Bare xr.Dataset values (hand-seeded or pre-record entries) are wrapped into the record shape with no column metadata, which the reconciler treats as adopt-in-place.

load_history_cache(dataset: xarray.Dataset, bench_cfg_hash: str, clear_history: bool, max_time_events: int | None = None, result_vars: list | None = None, *, on_history_reset: str = 'warn', bench_name: str | None = None, tag: str | None = None, config_summary: dict | None = None) → xarray.Dataset

Load, reconcile, and persist historical benchmark data.

The history key excludes result variables, so the stored record is a superset of every column ever measured under this benchmark’s input space; result-var differences are reconciled per column (retained, retired, resumed, or born — see bencher.history) and consumers receive a projection onto exactly the current result_vars columns. If clear_history is True, existing history is ignored (a fresh series starts and is written back).

Parameters:

dataset (xr.Dataset) – Freshly calculated benchmark data for the current run
bench_cfg_hash (str) – History key — the benchmark identity hash computed with include_result_vars=False
clear_history (bool) – If True, clears historical data instead of loading it
max_time_events (int | None) – Maximum number of over_time events to retain. Oldest events are trimmed. None means unlimited.
result_vars (list | None) – Result variable instances defining the served columns. Also used for per-variable max_time_events aging. When None, column reconciliation and projection are skipped entirely.
on_history_reset (str) – Policy for loss-y schema events — “warn”, “error” (raise HistoryResetError before persisting), or “ignore”.
bench_name (str | None) – Benchmark name for the last-seen index; enables full-reset detection when the history key moves.
tag (str | None) – Benchmark tag for the last-seen index.
config_summary (dict | None) – bencher.history.config_summary of the current config, stored in the last-seen index and diffed on resets.

Returns:

The current config’s view of the accumulated history —: historical plus current data, projected onto the current columns.

Return type:

xr.Dataset

add_metadata_to_dataset(bench_res: bencher.results.bench_result.BenchResult, input_var: Any) → None

Add variable metadata to the xarray dataset for improved visualization.

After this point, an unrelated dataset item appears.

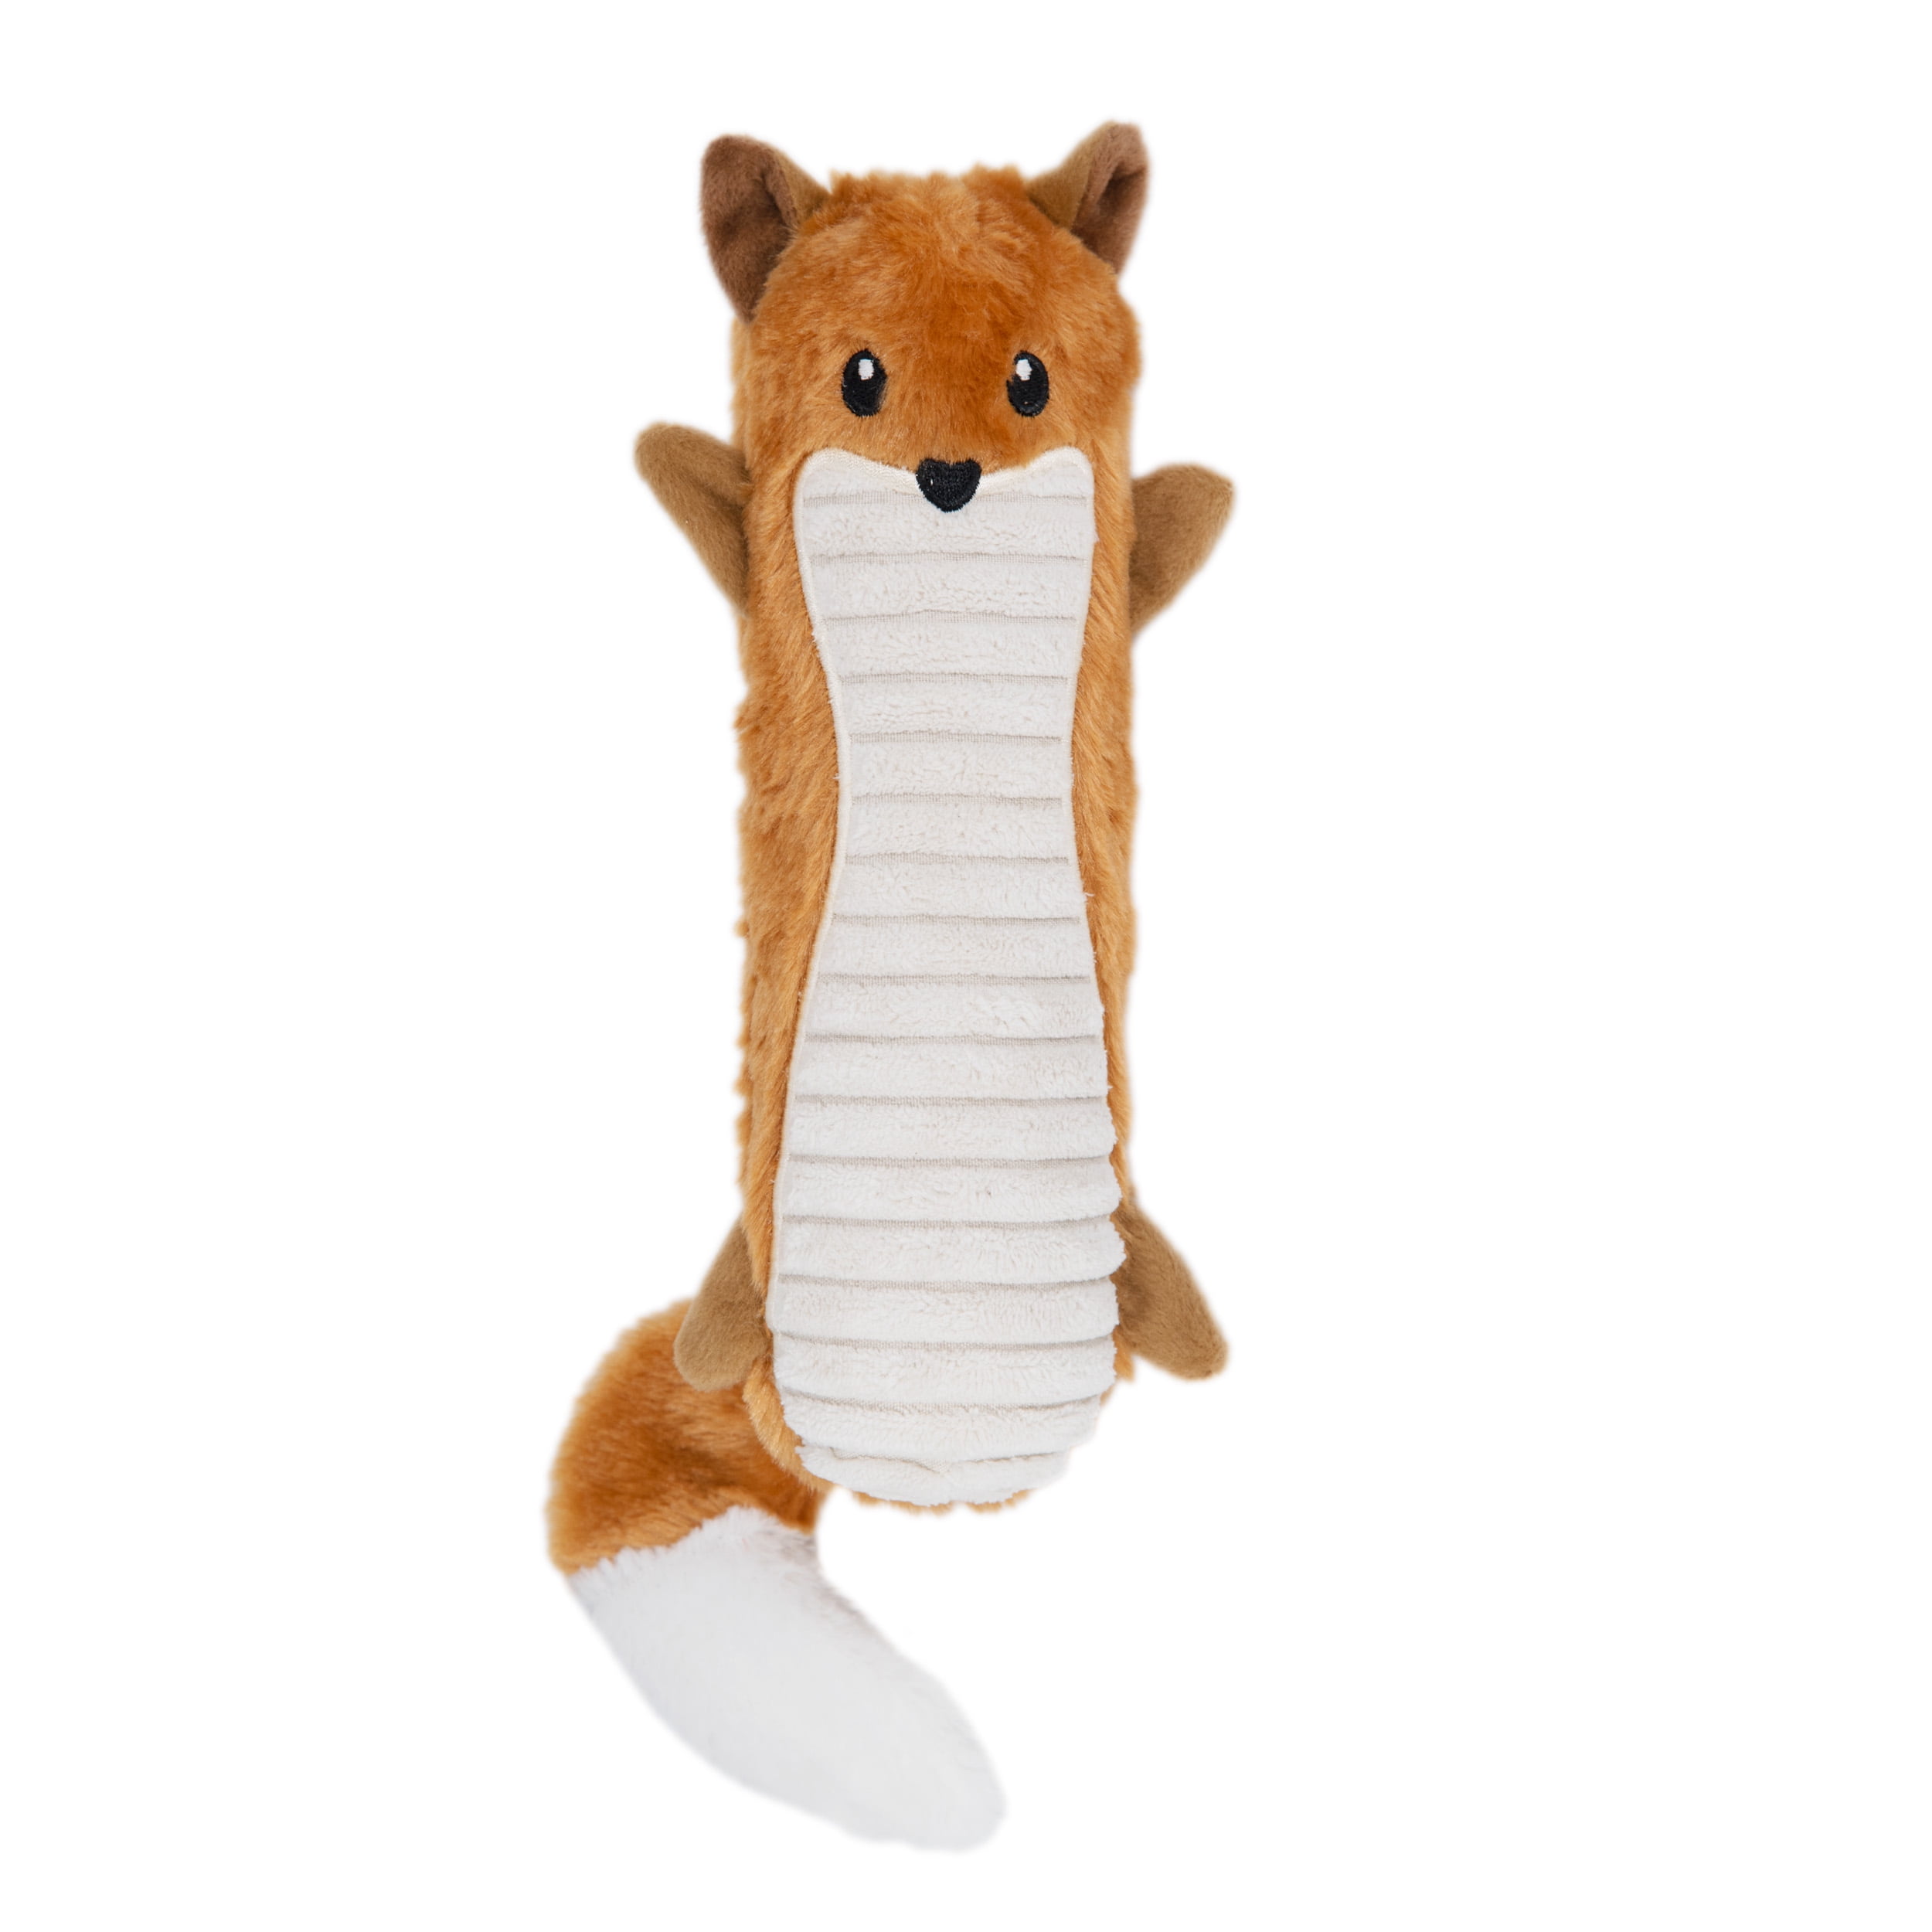 FGA MARKETPLACE Monkey-Fox Flat NO Stuffing NO Squeak Plush Dog Toy, Funny  Style Will Entertain Your Dog for Hours, Recommended for Small and Medium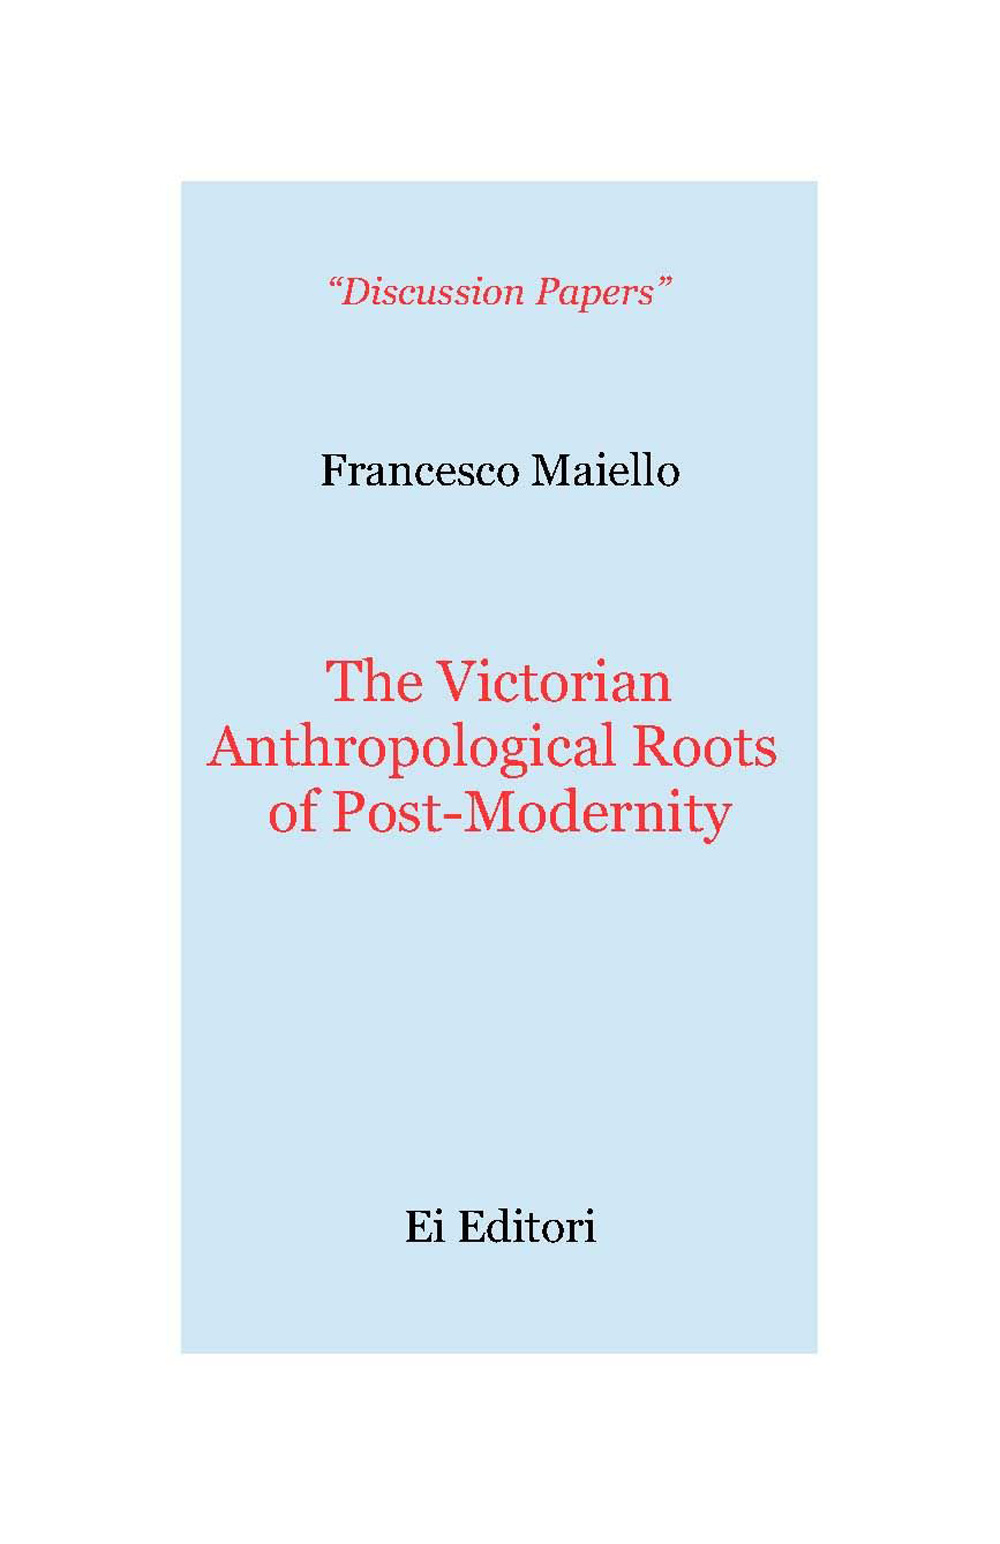 The victorian anthropological roots of post-modernity

This method adds metadata like units, long names, and descriptions to the xarray dataset attributes, which helps visualization tools properly label axes and tooltips.

Parameters:

bench_res (BenchResult) – The benchmark result object containing the dataset to display
input_var – The variable to extract metadata from

report_results(bench_res: bencher.results.bench_result.BenchResult, print_xarray: bool, print_pandas: bool) → None

Display the calculated benchmark data in various formats.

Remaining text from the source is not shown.